Clinically, EG presents as a painful soft tissue mass; radiography demonstrates sharply demarcated osteolytic lesions of the underlying bone. [2, 8] EG of the skull presents as a gradually enlarging scalp mass.[2] EG of the vertebral body in children most commonly presents with pain; neurologic deficit is uncommon even in cases of progression to vertebra plana. [10] [11] EG of the orbital bone may present as proptosis with an accompanying mass mimicking malignancy. [12] EG may even occur in the brain parenchyma with a tumor-like appearance; these lesions most commonly appear in the hypothalamic-pituitary axis and present with endocrinopathies. [13] Radiographically, LCH lesions are avidly contrast enhancing on both CT and MR, and demonstrate increased uptake in FDG-PET. [14] They appear hypointense on T1 MRI and iso to hyperintense on T2. [3, 15]

Etiology and Pathophysiology 

LCH is characterized by the proliferation of a myeloid-derived precursor dendritic cell with the characteristics of Langerhans cells (LC). [16] [17] One theory of the pathophysiology of LCH is based on recently published data that LCH cells express CD40 at high levels, leading to the overactivation of CD40L+ T-lymphocytes. The subsequent release of cytokines leads to further recruitment of LC progenitor cells, as well as to local destruction of bone, fibrosis, and necrosis. [18-20] 

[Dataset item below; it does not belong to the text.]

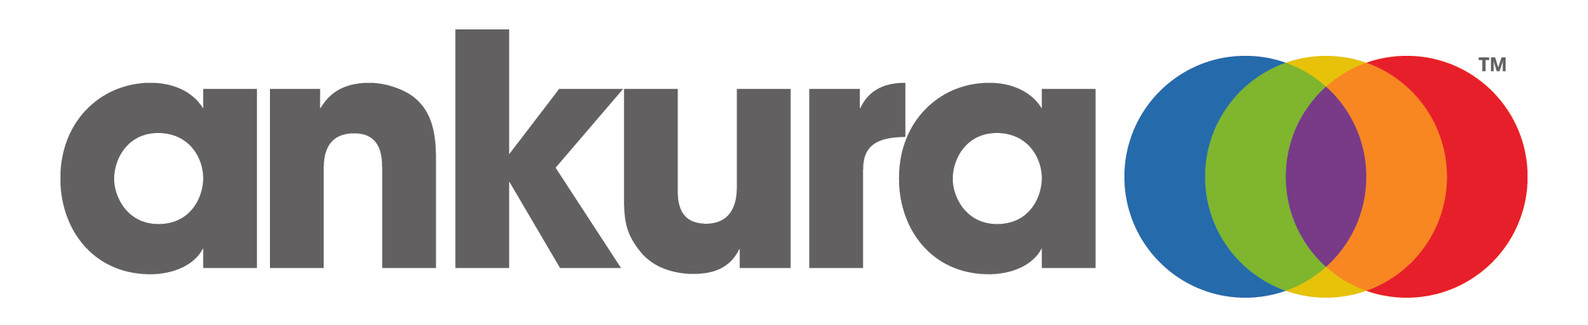 ankura_logo_cmyk.jpg
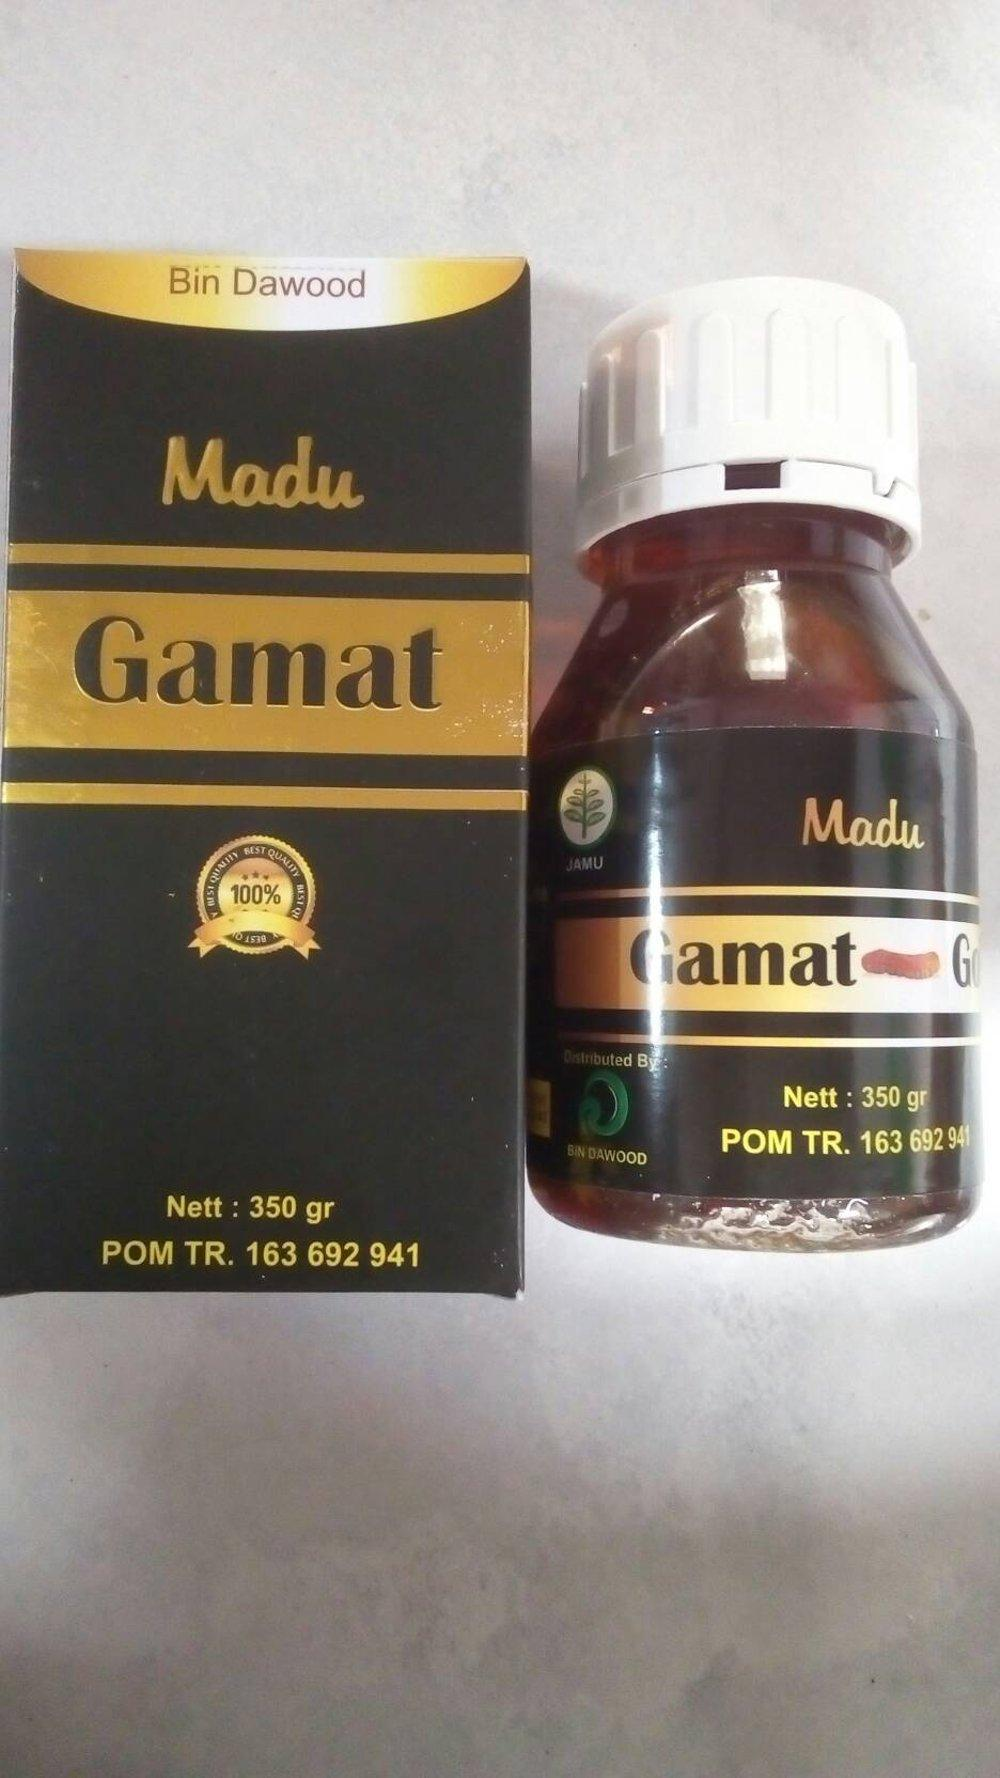 Buy Sell Cheapest Qnc Gamat Emas Best Quality Product Deals Jelly 300 Ml Dijamin Asli Ter Gold G Madu Bin Dawood

The central debate of the pathogenesis of LCH is whether it is a reactive immune response or a neoplasm. Support for the neoplastic theory include the monoclonality of the pathologic cells (although this could also be seen with reactive immune processes) [21] [20], the up regulation of pro-cell proliferation and anti-apoptotic proteins (c-myc, h-ras, Bcl-2) in LCH samples, [22] the up regulation of Ki-67 (a marker of proliferation), [22] [23] the finding of activating BRAF mutations in a majority of samples and the clinical response of BRAF V600E+ disease to vemurafenib. [24] [25] Support for the theory that LCH represents a dysfunctional immune response include data showing the up-regulation of genes that lead to T-cell activation and recruitment in LCH lesions, [26] an increase of T-regulatory cells in the blood of LCH patients in comparison with controls, [27], and a lack of evidence of gross genomic or karyotypic aberration in LCH biopsy samples. [28] Of note, no antigenic trigger has ever been identified and recent evidence has mounted against a viral etiology. [29, 30] 

Workup & Diagnosis 

The differential for an osteolytic soft tissue mass is broad, and includes neoplastic processes: metastatic lesions, primary bone tumors such as osteosarcoma or Ewing’s sarcoma, neuroblastoma, rhabdomyosarcoma, lymphoma, PNET. Infections such as osteomyelitis or abscess. Fibrous dysplasia, cystic lesions (aneurysmal bone cyst, dermoid cyst), vascular processes (venous lakes, hemangioma, angiomatosis), and developmental anomalies (encephalocele). 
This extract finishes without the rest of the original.